Looking for problems on purpose can reveal solutions you didn’t know you needed.
Ultimately reparenting ourselves is about deeply massaging our emotional scar tissue, breaking down as much of it as we can bear, in order to direct fresh energy, healing blood to those starved tissues; welcoming warm love to flood those stagnant spaces in our body mind with whatever self talk and intentional or authentic games we can prove effective. We must feed our spirits before we feed our bodies, nourish ourselves emotionally as though our lives depend on it. Because for those of us who hold deep and stressful traumas, it does.

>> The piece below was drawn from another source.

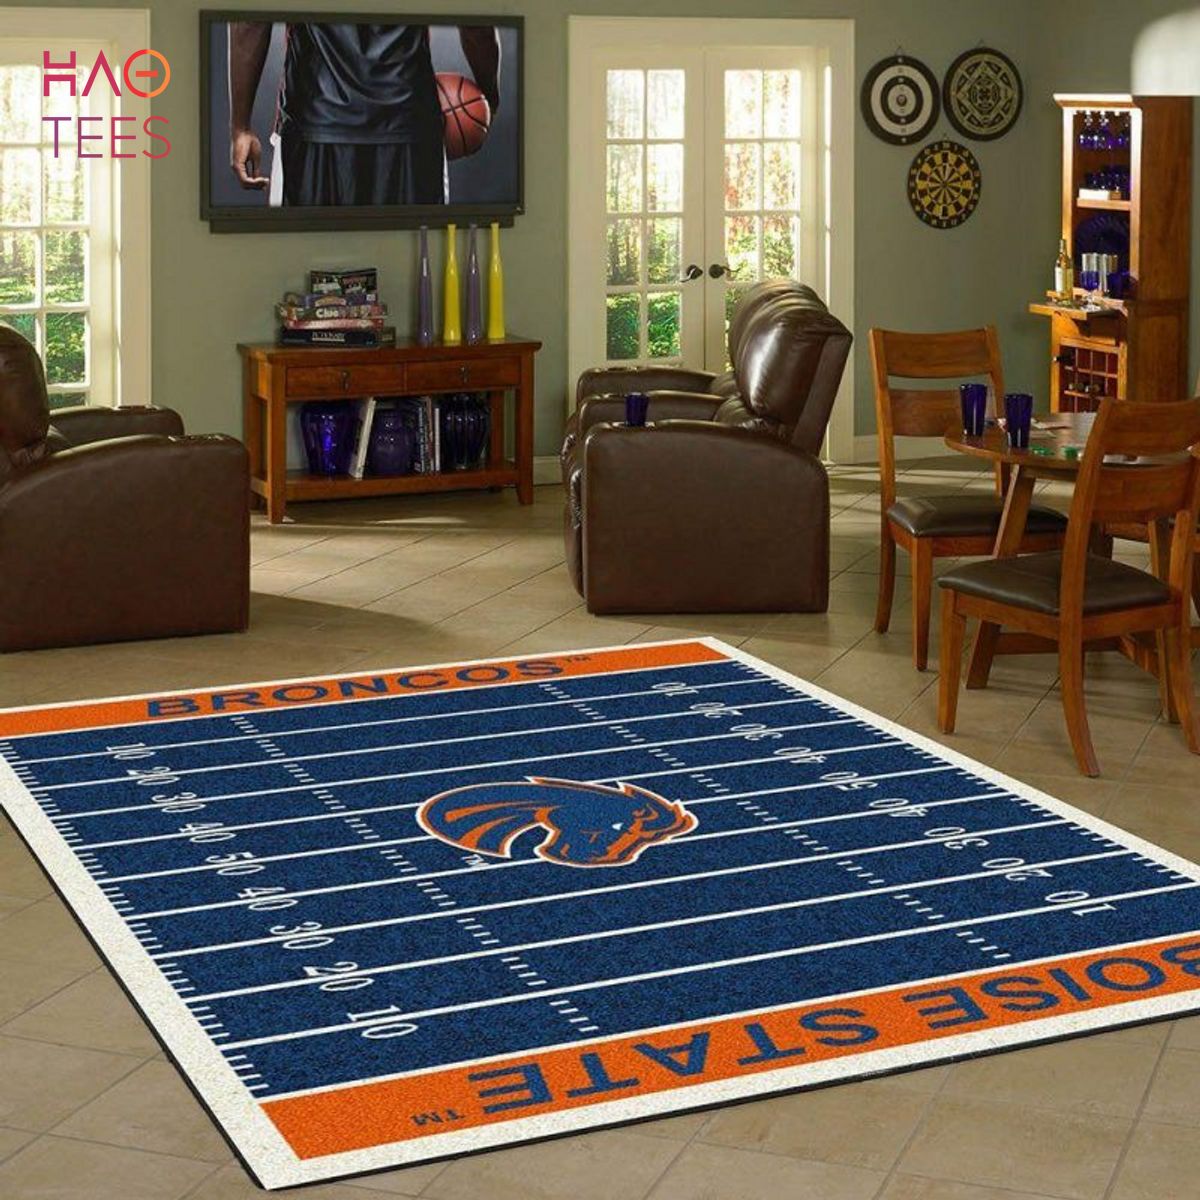 BEST Boise State Rug Team Home Field Carpet Living Room Rugs

In my most immediate efforts to reparent myself I have rewritten my survivor story. It is way more than I am willing to put in a blog, but it was absolutely a process of deeply massaging decades old scar tissue left from police brutality I experienced. And the story was only made possible by the direct actions I am currently taking.
Here is a thoughtful article you may find helpful if you are also actively questioning, reparenting, your experience and beliefs about public safety in America. The author offers 26 suggestions that “can be used when facing a mirror, in a small group discussion, or at a family dinner.”

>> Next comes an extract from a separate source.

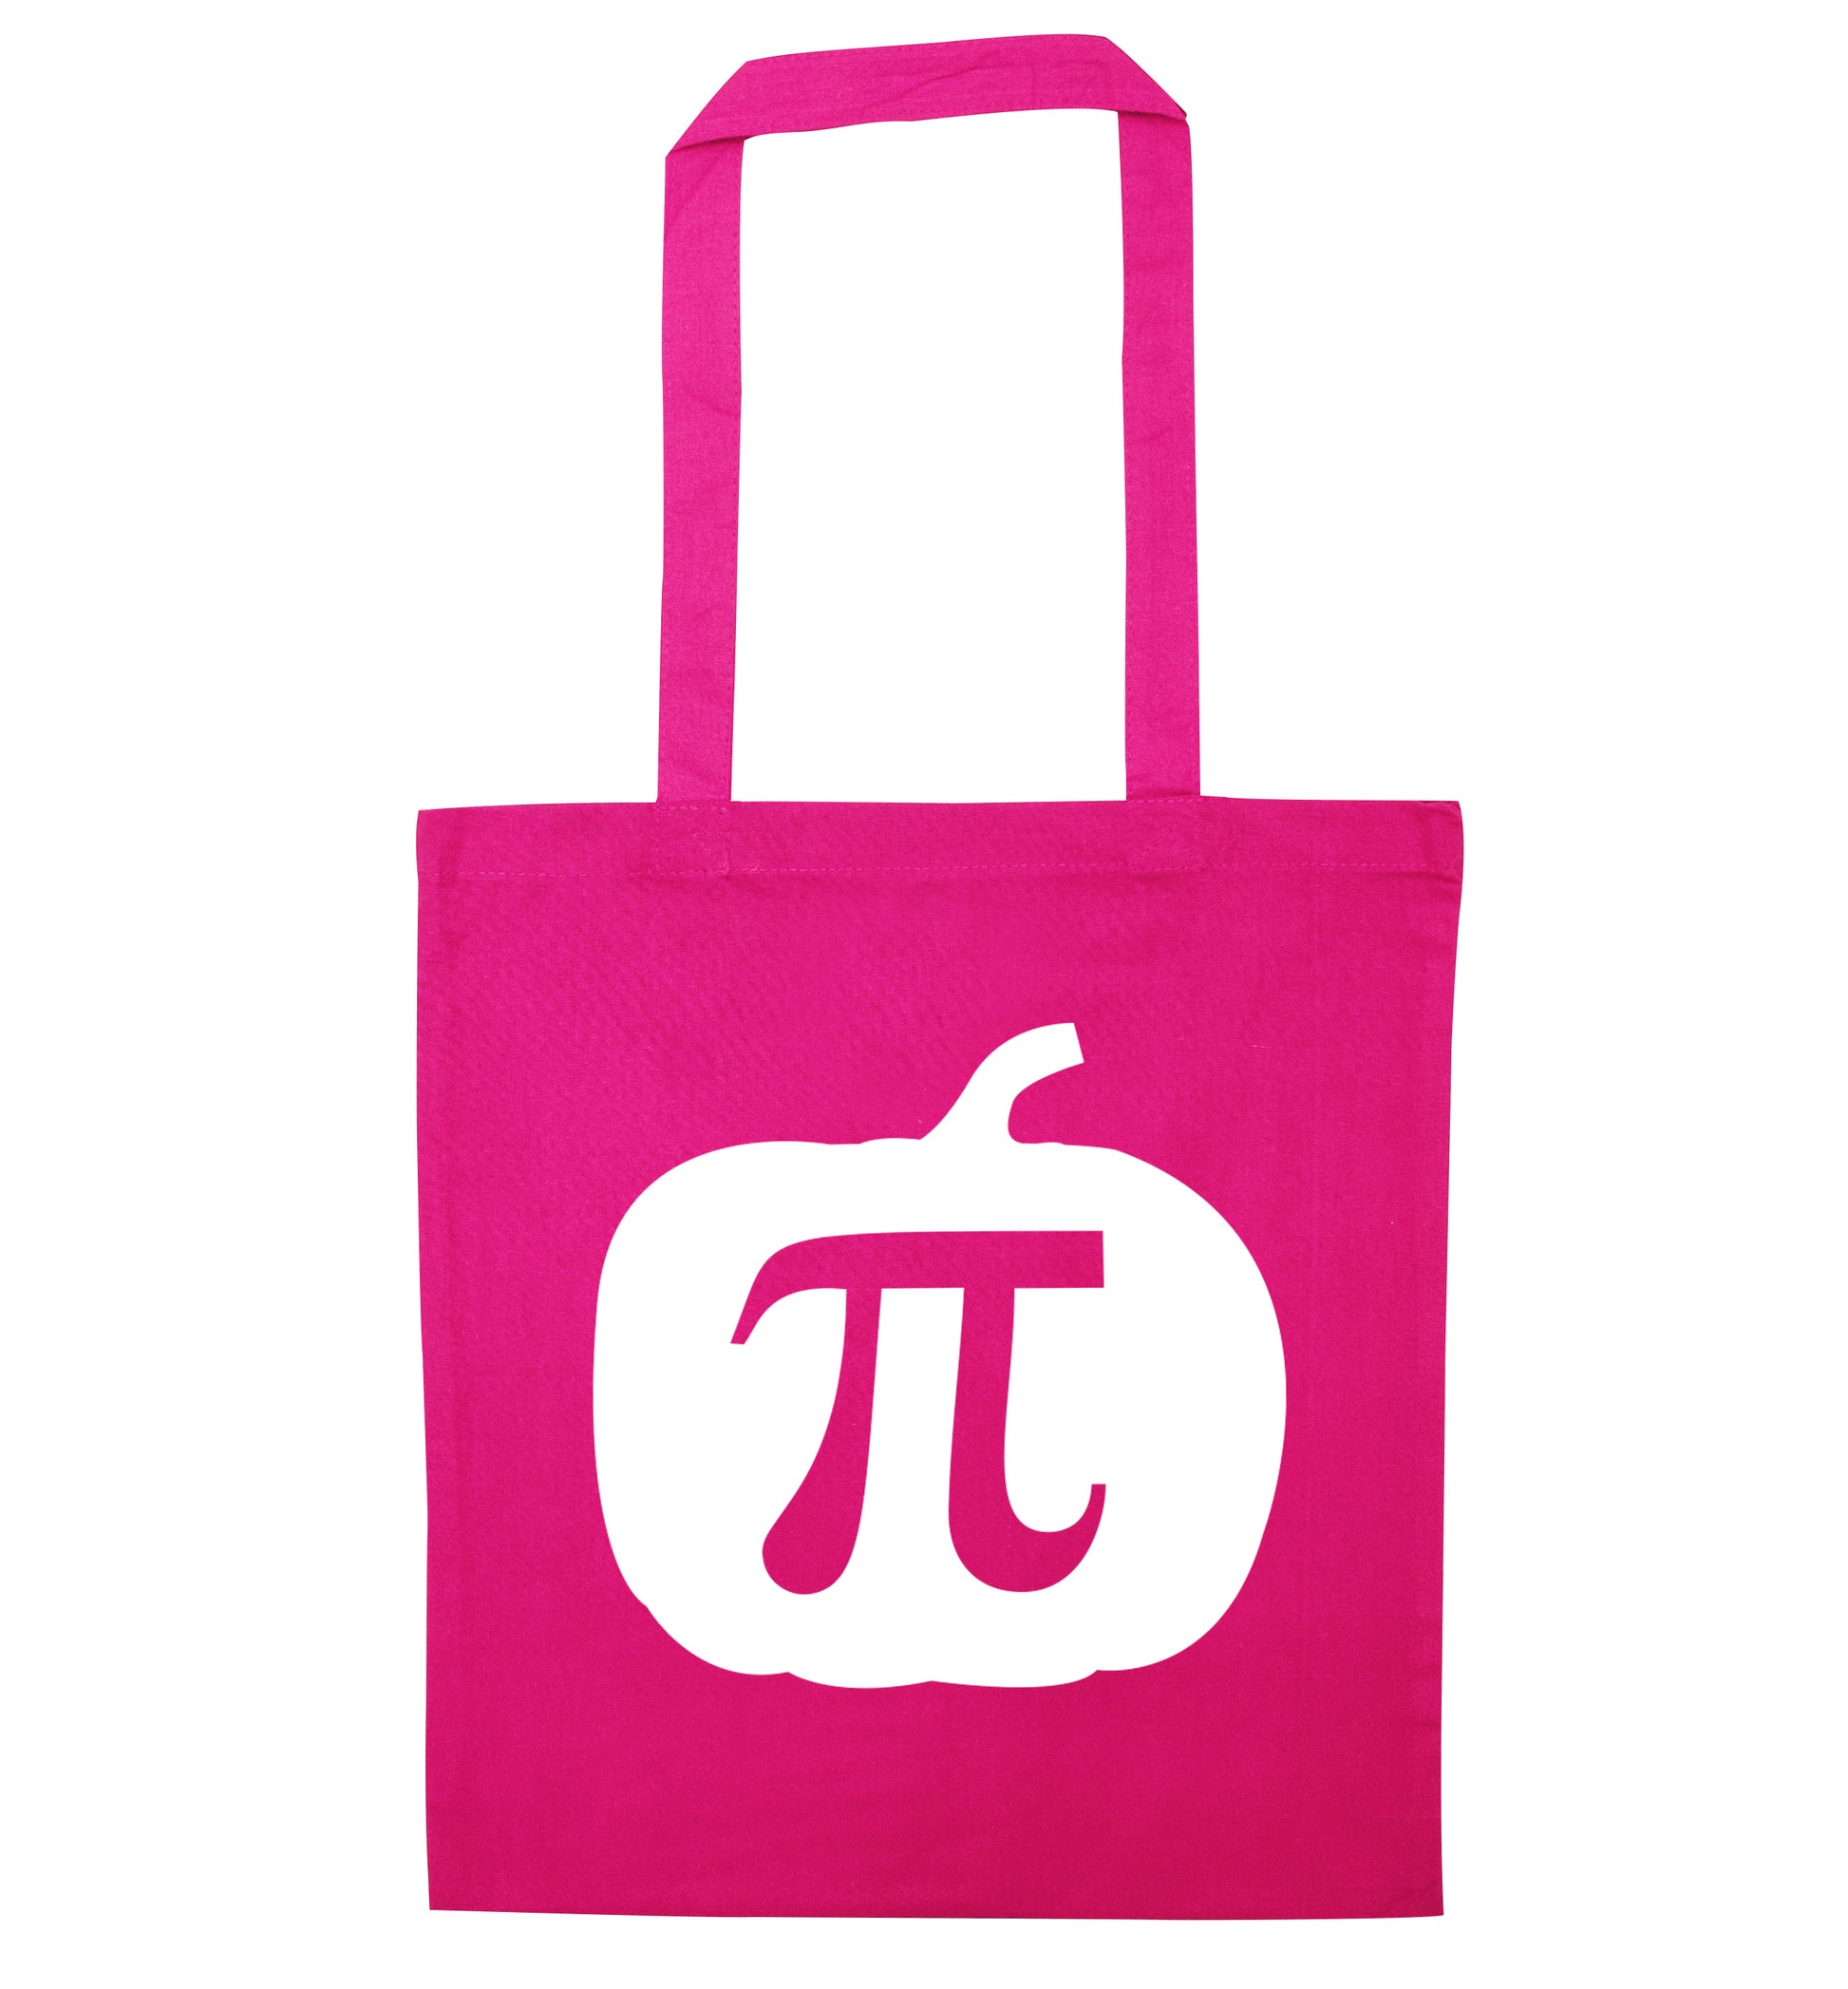 Pumpkin Pi pink tote bag

Last week I lead a meditation and chose a song to share, please call me by my true names. It guides us in the way of compassion by welcoming a full spectrum of diversity into our consciousness—not just a composite of all potential professions like nurse, tomato picker, arborist, but all potential characters: best friend, rapist, hero, and all potential traits: ugly, graceful, cheater.
In the way that if you walked a lifetime in my shoes you would be like me, we build the skill of compassion when we see the essence and potential of everyone and everything in ourselves. So in order to not judge others who are in any way different than us—different opinions, likes, styles, interests, truths, sexual perspectives—we have to see the potential of every variation and hue in ourselves. Not as appropriation but as an expression, as sovereignty and choice. From there we are better able to be each other‘s brothers and sisters.
If you can, you’ve done a mighty good job being parented and parenting yourself.